This section contains worked examples of the type of differential equation which can be solved by direct Integration.

Definition

Separable Differential Equations are differential equations which respect one of the following forms :
  • \displaystyle \frac{dy}{dx} = F(x,y) where F is a two variable function, also continuous.

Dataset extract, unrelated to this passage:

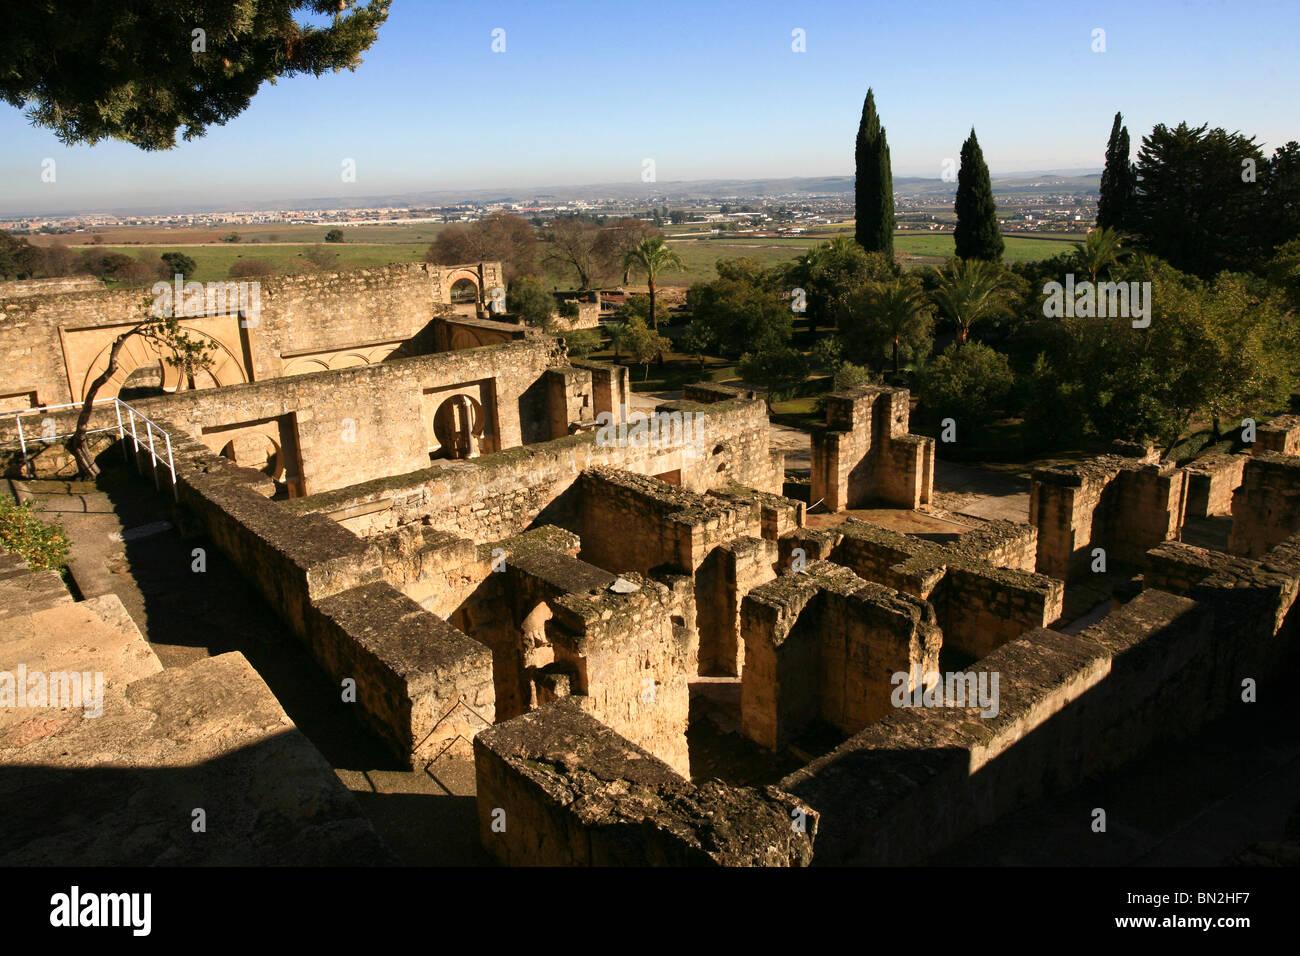 Spain, Andalusia, The ruins of Medina azahara (Al Madinah al-Zahra), near the city Cordova, - Stock Image

  • \displaystyle f(y)dy=g(x)dx, where f and g are two real continuous functions.

Rational Functions

A rational function on \mathhf{R} is a function f:\mathhf{R}\to\mathhf{R} which can be expressed as \displaystyle f(x)=\frac{P(x)}{Q(x)} where P,Q are two polynomials.
Example:

Example - Simple Differential Equation
Problem
Solve:
\frac{d^2y}{dx^2} = 2 + \frac{1}{x}

Workings
As the equation is of first order, integrate the function twice, i.e.
\frac{dy}{dx} = 2x + ln\,x + C
and
y = x^2 + x\,ln\,x + Cx + K
Solution
y = x^2 + x\,ln\,x + Cx + K

Trigonometric Functions

A rational function on \mathhf{R} is a function f:\mathhf{R}\to\mathhf{R} which can be expressed as a combination of trigonometric functions (sinx,cosx,tanx,cotanx).
Example:

Example - Simple Cosine
Problem
\frac{dy}{dx}=\frac{1}{cos^2 \tfrac{1}{2}x}

Workings
This is the same as
y=\int \frac{1}{\cos^2 \tfrac{1}{2}x}dx

which we integrate in the normal way to yield
y=2\tan \tfrac{1}{2} x + C
Solution
y=2\tan \tfrac{1}{2} x + C

Physics Examples

Example:

Example - Potential example
Problem
If a and b are the radii of concentric spherical conductors at potentials of V_1 respectively, then V is the potential at a distance r from the centre. Find the value of V if:
\frac{d}{dr}\left(r^2 \frac{dV}{dr} \right)=0}
and V=V_1 at r=a and V=0 at r=b

Workings
\frac{d}{dr}\left(r^2\frac{dV}{dr} \right)=0

\therefore\;\;\;\;\;\;r^2\frac{dV}{dr} \right)=A

\frac{dV}{A}=\frac{dr}{r^2}

\therefore\;\;\;\;\;\;\frac{V}{A}=-\frac{1}{r}\;+\;B

Substituting in the given values for V and r
\frac{V_1}{A}=-\frac{1}{a}+B
and
\frac{0}{A}=-\frac{1}{b}+B
\therefore\;\;\;\;\;\;B=\frac{1}{b}
\therefore\;\;\;\;\;\;\frac{V_1}{A}=-\frac{1}{a}+\frac{1}{b}=-\frac{b-a}{ab}
Thus
A=-\frac{abV_1}{b-a}
Solution
V=\left(\frac{1}{r}-\frac{1}{b} \right)\left(\frac{abV_1}{b-a} \right)